Ergänzende Abbildung S1: Repräsentative rad-TLC der 89-Zr-Chelatbildung mit DFO-Bn-NCS unter Verwendung von [89Zr]Zr(HPO4)2 in 100 mM DTPA (pH 7,0)-Lösung. Rad-TLC wurde in 100 mM DTPA (pH 7,0) als mobile Phase durchgeführt; [89Zr] Zr-DBN ; zeigt einen Rf von ~0,021-0,035 und [89Zr]Zr(HPO4)2 einen Rf von ~1,0. Chelatierungseffizienz (%) = Prozentsatz von 89 Zr, die zu DFO-Bn-NCS chelatisiert werden, um [89 Zr]Zr-DBN zu bilden = [Radioaktivität bei Rf von [89 Zr]Zr-DBN/(Summe der Radioaktivitäten bei Rf von [89 Zr]Zr-DBN und bei Rfvon [89Zr]Zr(HPO4)2)] × 100. Bitte klicken Sie hier, um diese Datei herunterzuladen.

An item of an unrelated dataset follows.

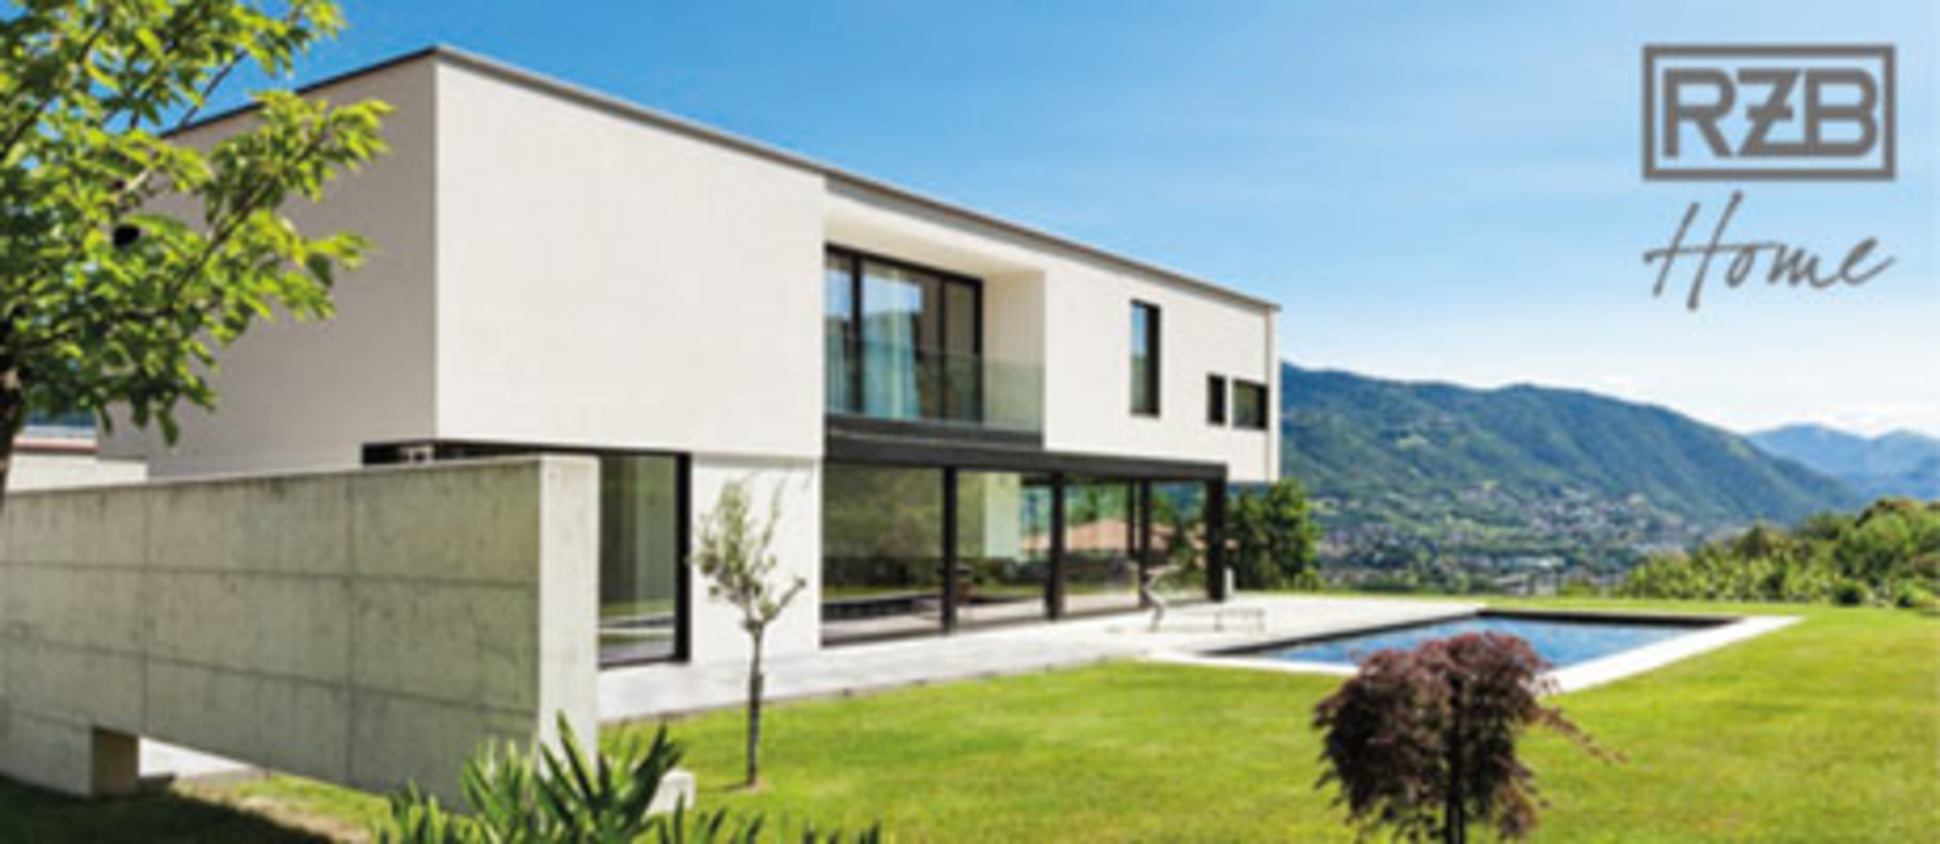 RZB Home + Basic bei Elektro Weis GmbH in Buchen-Hettingen
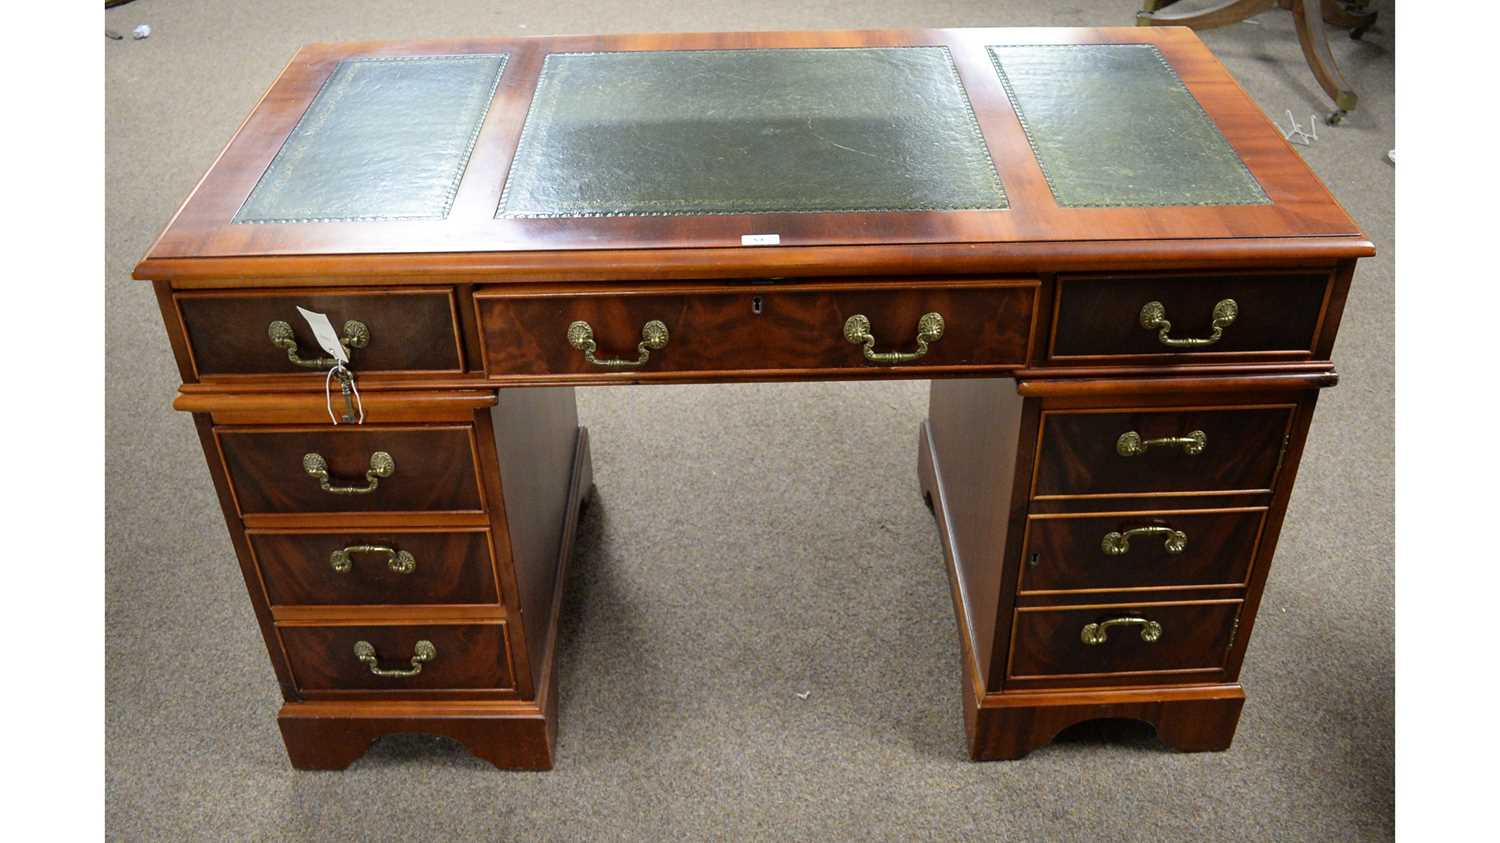 A reproduction mahogany twin-pedestal desk.

Ergänzende Abbildung S2: Repräsentative rad-TLC der 89-Zr-Chelatbildung mit DFO-Bn-NCS unter Verwendung von [89Zr]ZrCl4in 100 mM DTPA (pH 7,0)-Lösung. Rad-TLC wurde in 100 mM DTPA (pH 7,0) als mobile Phase durchgeführt; [89Zr] Zr-DBN zeigt einen Rf von ~0,021-0,035 und [89Zr]ZrCl4zeigt einen Rf von ~1,0. Chelatierungseffizienz (%) = Prozentsatz von 89 Zr, die zu DFO-Bn-NCS chelatisiert werden, um [89 Zr]Zr-DBN zu bilden = [Radioaktivität bei Rf von [89 Zr]Zr-DBN/(Summe der Radioaktivitäten bei Rf von [89 Zr]Zr-DBN und bei Rf von [89Zr]ZrCl 4)] × 100. Bitte klicken Sie hier, um diese Datei herunterzuladen.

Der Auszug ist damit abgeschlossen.